Pemburu yang memanfaatkan keluguannya dan sekaligus
kelemahan marmut yeswehunt.eu
Menariknya adalah bagaimana hewan marmut memiliki
nilai mitologis bagi Bangsa Mongolia. Hampir dimanapun di penjuru dunia
mitologis hewan dan manusia saling bertautan, dan masing-masing kebudayaan
memiliki nilai cerita yang unik. Di tanah Mongolia, marmut adalah makanan musim
panas yang begitu dicari, terutama daging bagian bahunya yang disebut sebagai “daging
manusia”, dianggap sebagai santapan yang paling lezat. Kisahnya berawal dari
mitos masa lalu Bangsa Mongolia. Kala itu ada tujuh matahari, sehingga membuat
cuaca begitu panasnya. Orang-orang bersepakat untuk mencari seorang ahli
pemanah yang bisa memanah enam matahari. Ada seorang yang sangat berani untuk
menerima tantangan ini, Ia berkata, “esok saat pagi datang, saya akan memanah
enam dari tujuh matahari, jika gagal aku akan menjadi seekor marmut, memotong
ibu jariku, minum darah, makan rumput kering dan hidup di bawah tanah”. Besoknya,
Ia telah berhasil memanah lima matahari. Saat melepaskan panah yang keenam, tanpa
disadari seekor burung pipit melintas dan panah itu mengenai ekor burung
tersebut, sehingga membuat ekornya seperti garpu hingga saat ini. Karena gagal
memanah matahari keenam, maka ia akhirnya menjelma menjadi marmut, hal itulah
mengapa marmut memiliki daging manusia di tubuhnya.
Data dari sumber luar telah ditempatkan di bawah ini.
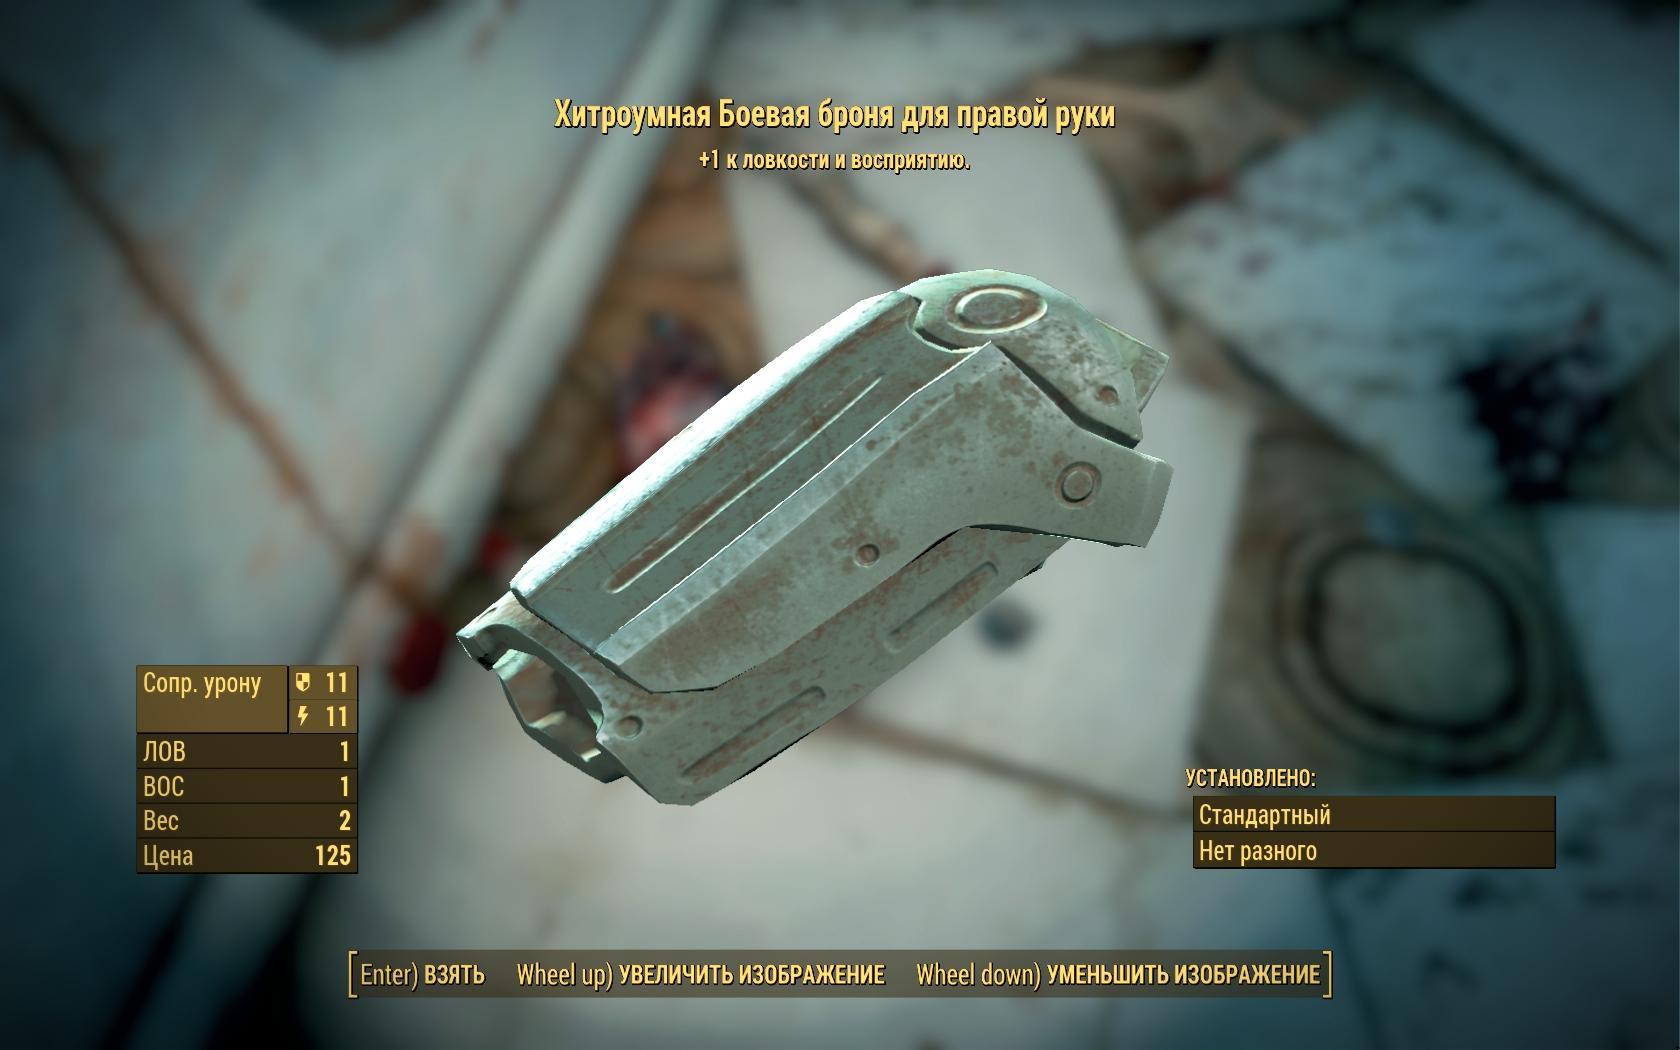 Хитроумная боевая броня для правой руки - Fallout 4 броня, Одежда

Prangko marmut Mongolia (foxstudio.files.wordpress.com)
Cara mengolah daging marmut terbilang berbeda dari
biasanya. Setelah digantung dan dikuliti, isi perut marmut dibuang, daging
dipotong dadu. Dan kemudian daging yang telah dipotong dimasukan kembali dalam
kulit yang telah dijahit menyerupai kantong, bersama dengan batu-batu kecil
yang telah dipanaskan terlebih dahulu dalam bara dan kemudian kantong itu
dipanggang lagi sehingga akan benar-benar matang dari dalam oleh batu panas dan
dari luar oleh bara. Cara masak yang unik bukan. Karena selalu di buru,
populasi marmut di Mongolia mengalami penurunan dalam beberapa dekade terakhir.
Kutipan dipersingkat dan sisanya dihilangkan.